As for you and me, until that summer I’d become accustomed to concealing things from you, but mostly thought crimes—my atrocious blankness at Kevin’s birth, my aversion to our house. While to some extent we all shelter one another from the cacophony of horrors in our heads, even these intangible unsaids made me mournful. But it was one thing to keep my own counsel about the dread that had descended on me whenever it was time to fetch our son from kindergarten, quite another to neglect to tell you that, oh, by the way, I broke his arm. However wicked, thoughts didn’t seem to take up space in my body, while keeping a three-dimensional secret was like having swallowed a cannonball.

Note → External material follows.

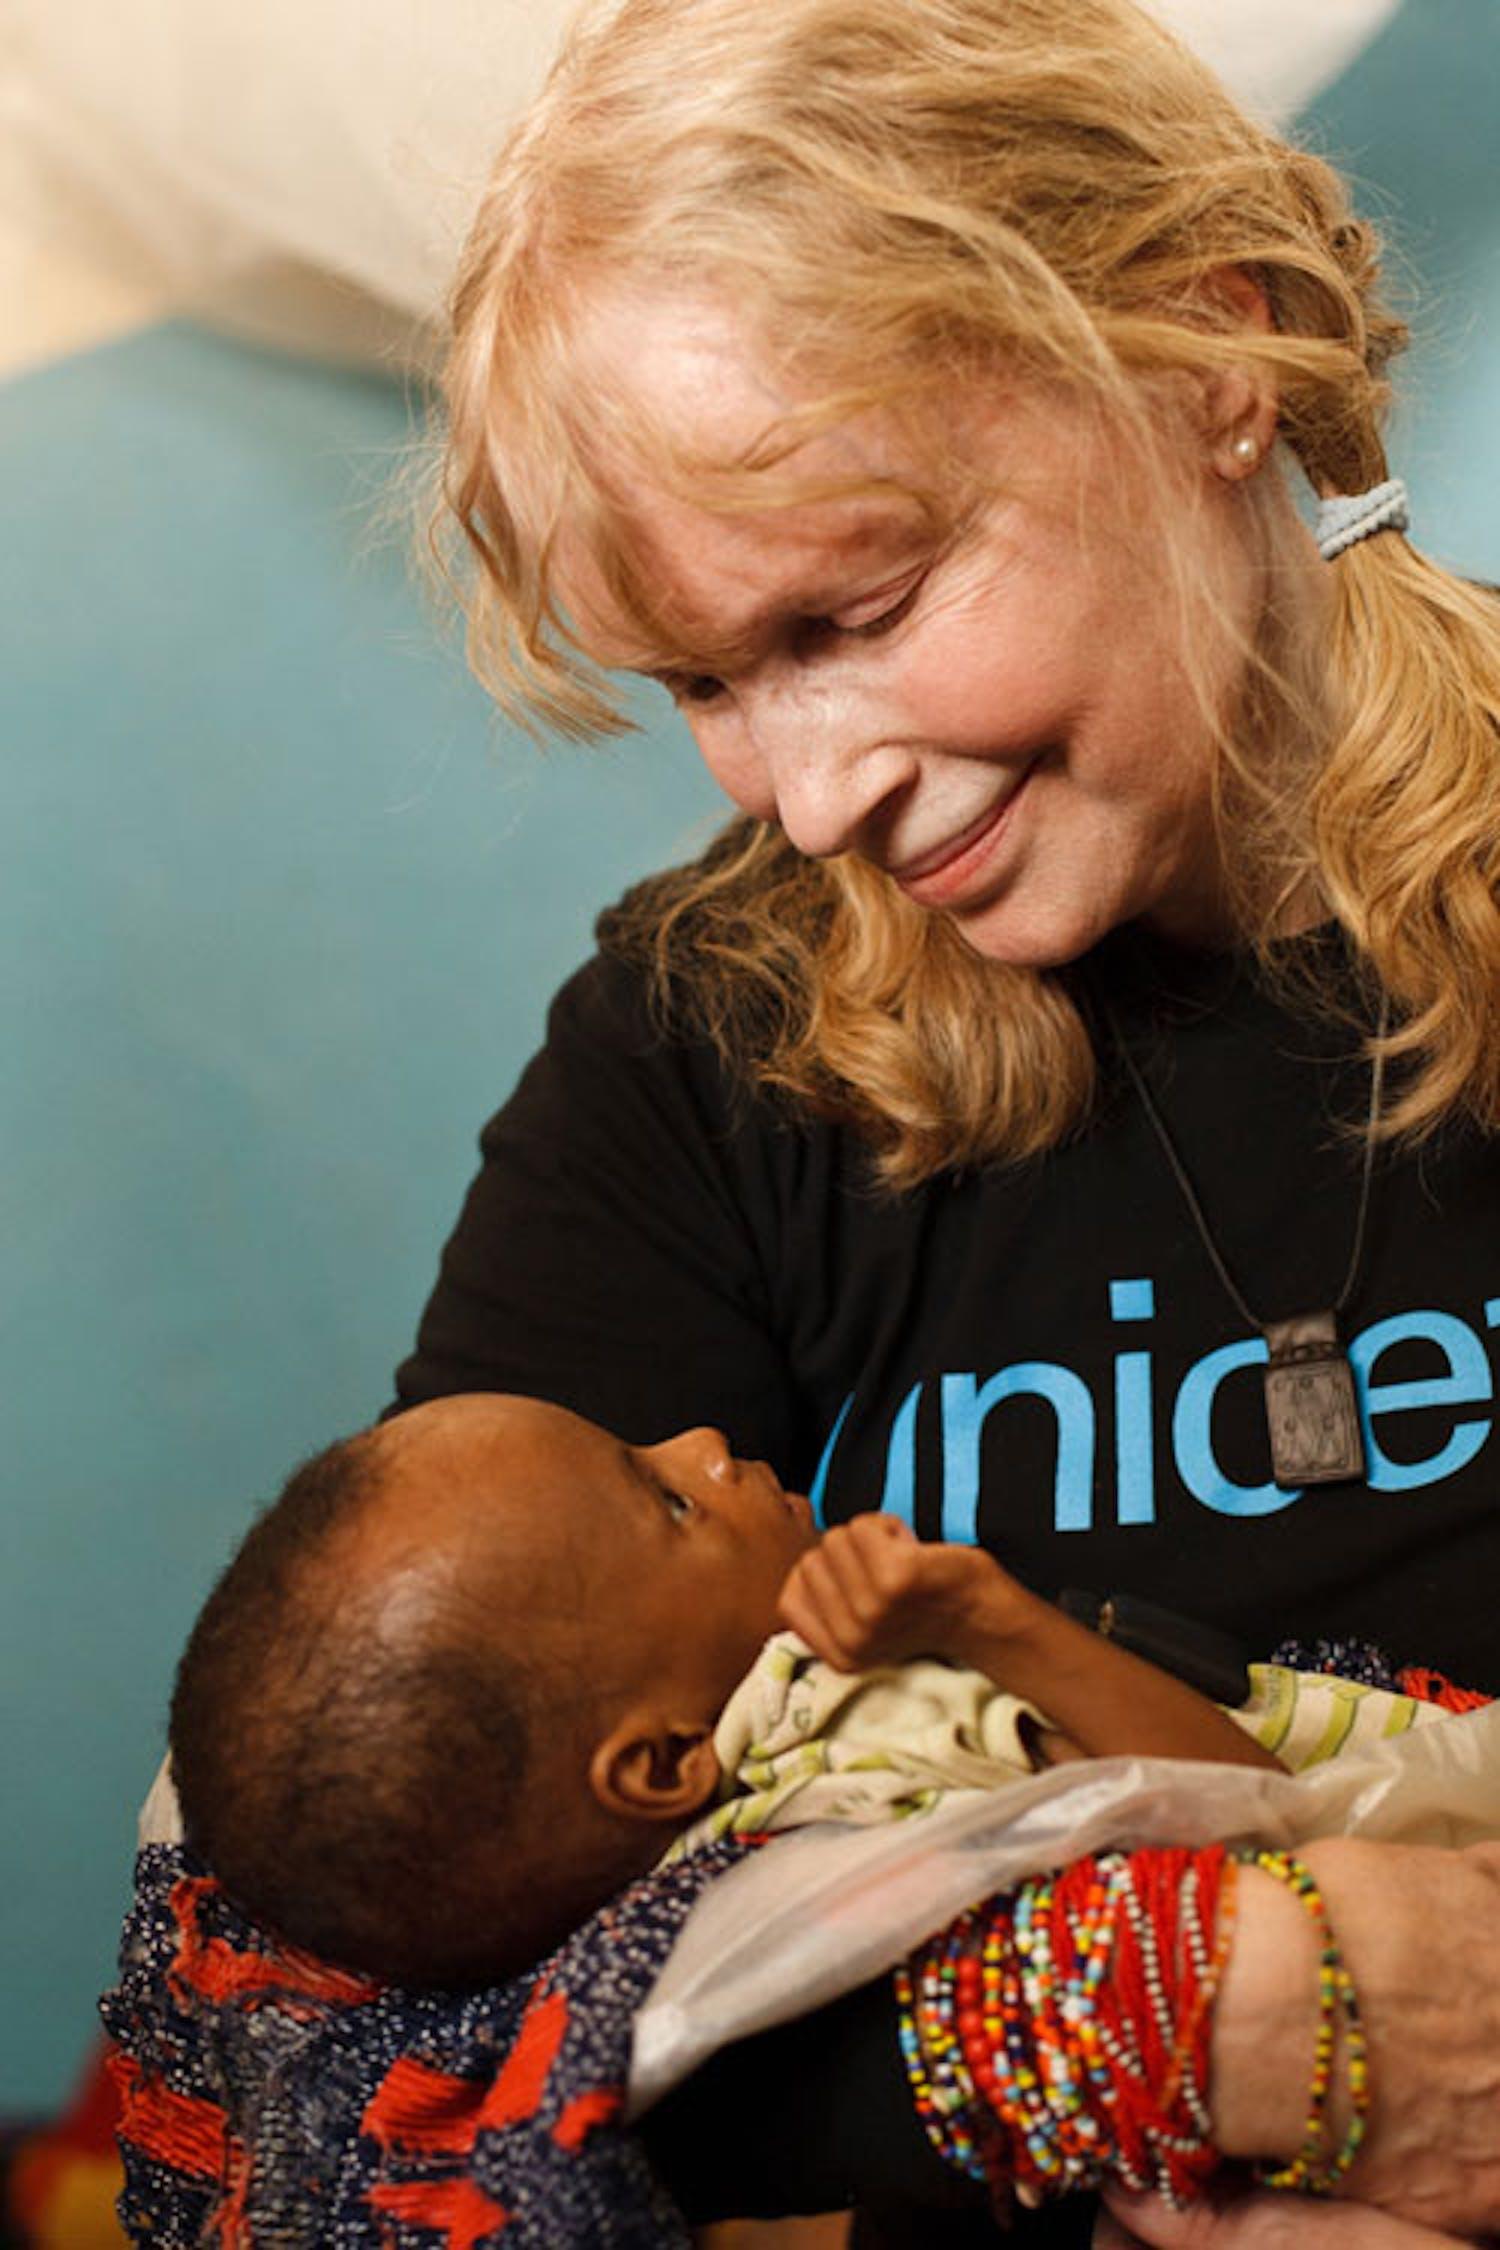 Mia Farrow con una bambina gravemente malnutrita nell'ospedale di Mao (Ciad): sono circa 100.000 i bambini a rischio di morte per fame nel paese africano - ©UNICEF/NYHQ2012-0045/Asselin

You seemed so far away. I’d gaze at you as you undressed at night with a spectral nostalgia, half expecting that when I crossed to brush my teeth you’d step through my body as easily as through moonlight. Watching you in the backyard teaching Kevin to cup a baseball in a catcher’s mitt with his good right hand—though in truth he seemed more gifted with pizza—I’d press my palm against a sun-warmed windowpane as if against a spiritual barrier, stabbed by the same vertiginous well-wishing and aching sense of exclusion that would have tortured me had I been dead. Even when I put my hand on your chest, I couldn’t seem to quite touch you, as if every time you shed your clothes there were, like Bartholomew’s hats, another L. L. Bean work shirt underneath.
Meantime, you and I never went out just the two of us anymore—to catch Crimes and Misdemeanors, grab a bite at the River Club in Nyack, much less to indulge ourselves at the Union Square Café in the city. It’s true that we had trouble with sitters, but you acquiesced to our housebound nights readily enough, prizing the light summer evenings for coaching Kevin on fourth downs, three-pointer field goals, and the infield-fly rule. Your blindness to the fact that Kevin displayed neither interest nor aptitude in any of these sports nagged me a bit, but I was mostly disappointed that you didn’t ever covet the same quality time with your wife.
There’s no purpose to talking around it. I was jealous. And I was lonely.
It was toward the end of August when our next-door neighbor leaned on our doorbell with censorious insistence. I heard you answer it from the kitchen.